Так и надобно! Старик! доволен ли тобою Рапини?
Смею надеяться.
Граф Кордано?
В своем месте.
Жив?
Шевелится.
Здоров?
Сколько можно быть здорову, живучи пятнадцать лет в оковах, на хлебе и на воде.
В замке никто об этом не знает?
Он заключен в подземном своде под самою отдаленною комнатою. Я всегда хожу к нему под вечер или ночью.
Хорошо. Мне надобно будет видеться с ним еще до его смерти. Предуведомь его о моем к нему приходе. Скажи ему... Не говори ничего. Скажи ему о моем приезде.
Слышу, милостивейший государь.
Где ж Рапини?
Он очищает вам покои. Вы так внезапно посетили, что мы не могли надлежащим образом встретить.
Поди, скажи, чтоб всё бросил. Я нетерпеливо желаю с ним видеться.

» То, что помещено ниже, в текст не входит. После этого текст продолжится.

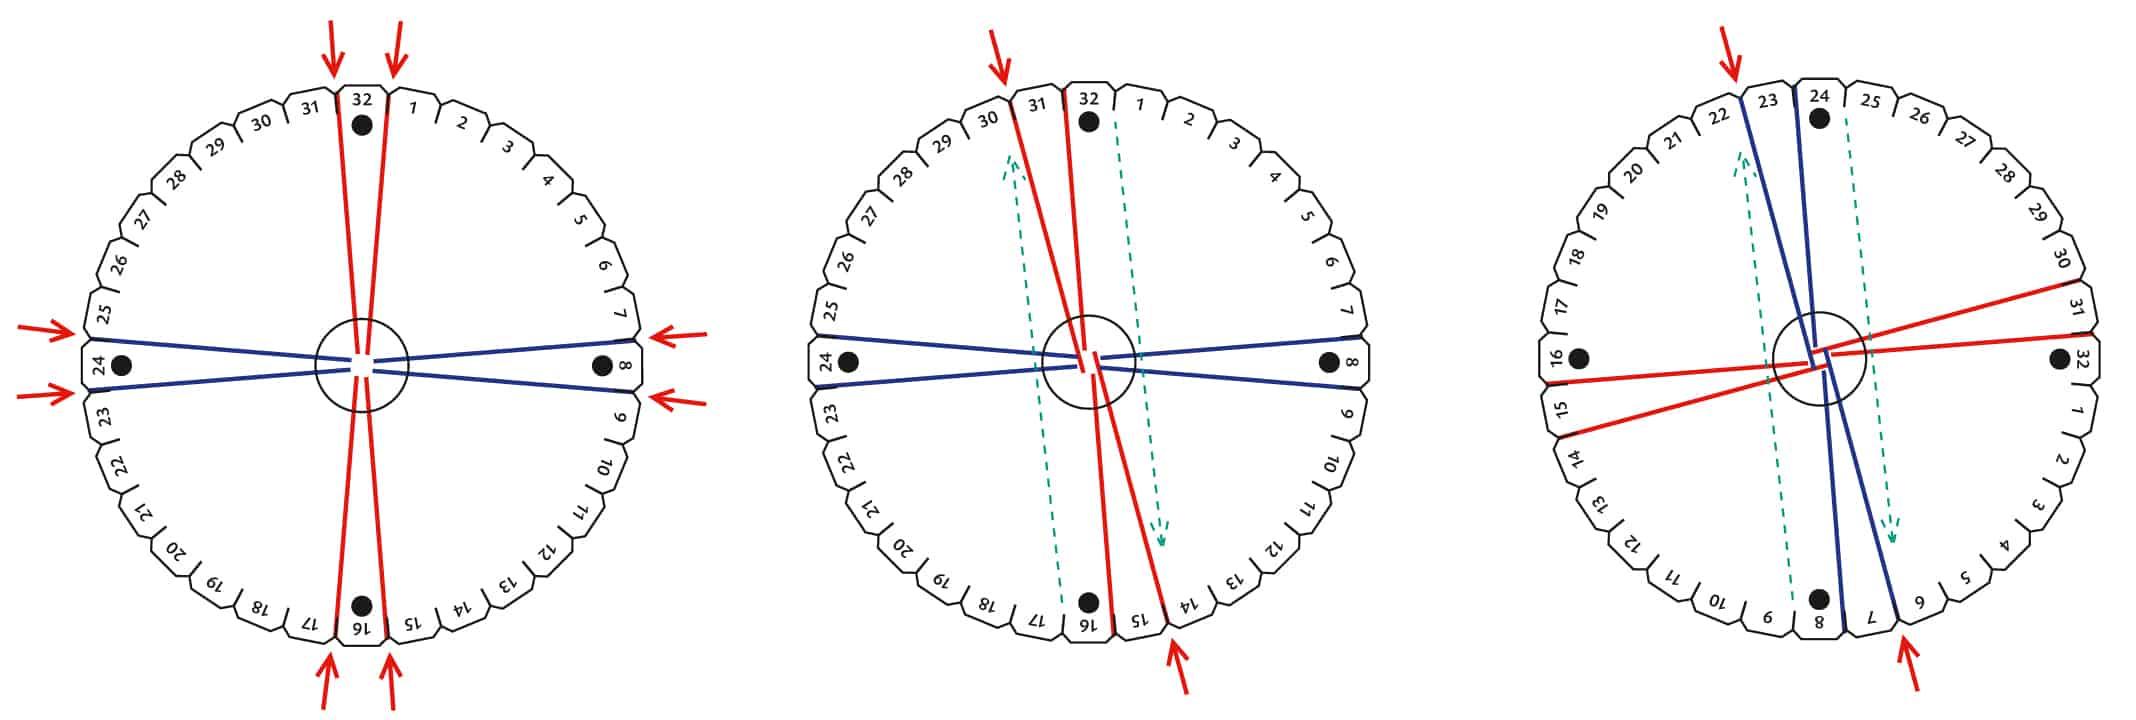 Kumihimo Fädeln - schematische Dartsellung

Итак, я опять достиг вас, стены Мертвого замка! Редко проходит внутрь вас свет солнца сквозь малые окна; вечной мрак царствует в вашей внутренности — но он соответствует сумраку души моей, дикому биению моего сердца. Опять вижу я вас, исполинские изображения владетелей сего замка! Здесь, в этом пространном гробе, заключу я себя вечно! Здесь, один, с вами буду я думать о исполнении моих планов — и успею, непременно успею; если нет... если нет — то погибель всего меня окружающего придаст тебе новое имя, замок, ужаснейший самого ада!
Сатинелли!
Рапини!
Сатинелли! Сатинелли! ты очень переменился.
Не мудрено. Скоро год, как я женат.
Слышал. Что это с тобою сделалось? Или здоровье тебе наскучило?
Почему?
Тебе непременно хотелось полное лицо переменить на сухое, быстрые, пламенные глаза помутить навсегда и предускорить сединами свою голову.
Правда, всё правда; но причины...
Неужели любовь? Что ни говори, я тому не поверю.
Ты худо рассмотрел мою супругу.
Когда я худо знал ее как прекрасную вдову, то по крайней мере теперь, как супругу Сатинелли, любопытно рассматривал. Со всевозможною учтивостию препоручал я себя в ее милость, но...
Что?
Она нахмурила густые свои брови на впалые глаза и таким голосом спросила: «Не вы ли синьор Рапини?», что я принужден был улыбнуться.
Хорошо, что ты там можешь улыбаться, где другие боятся.
Тридцатипятилетняя старуха могла так ослабить сердце, привыкшее к ужасам? Непонятно! Она могла пленить тебя? Гм! право, непонятно!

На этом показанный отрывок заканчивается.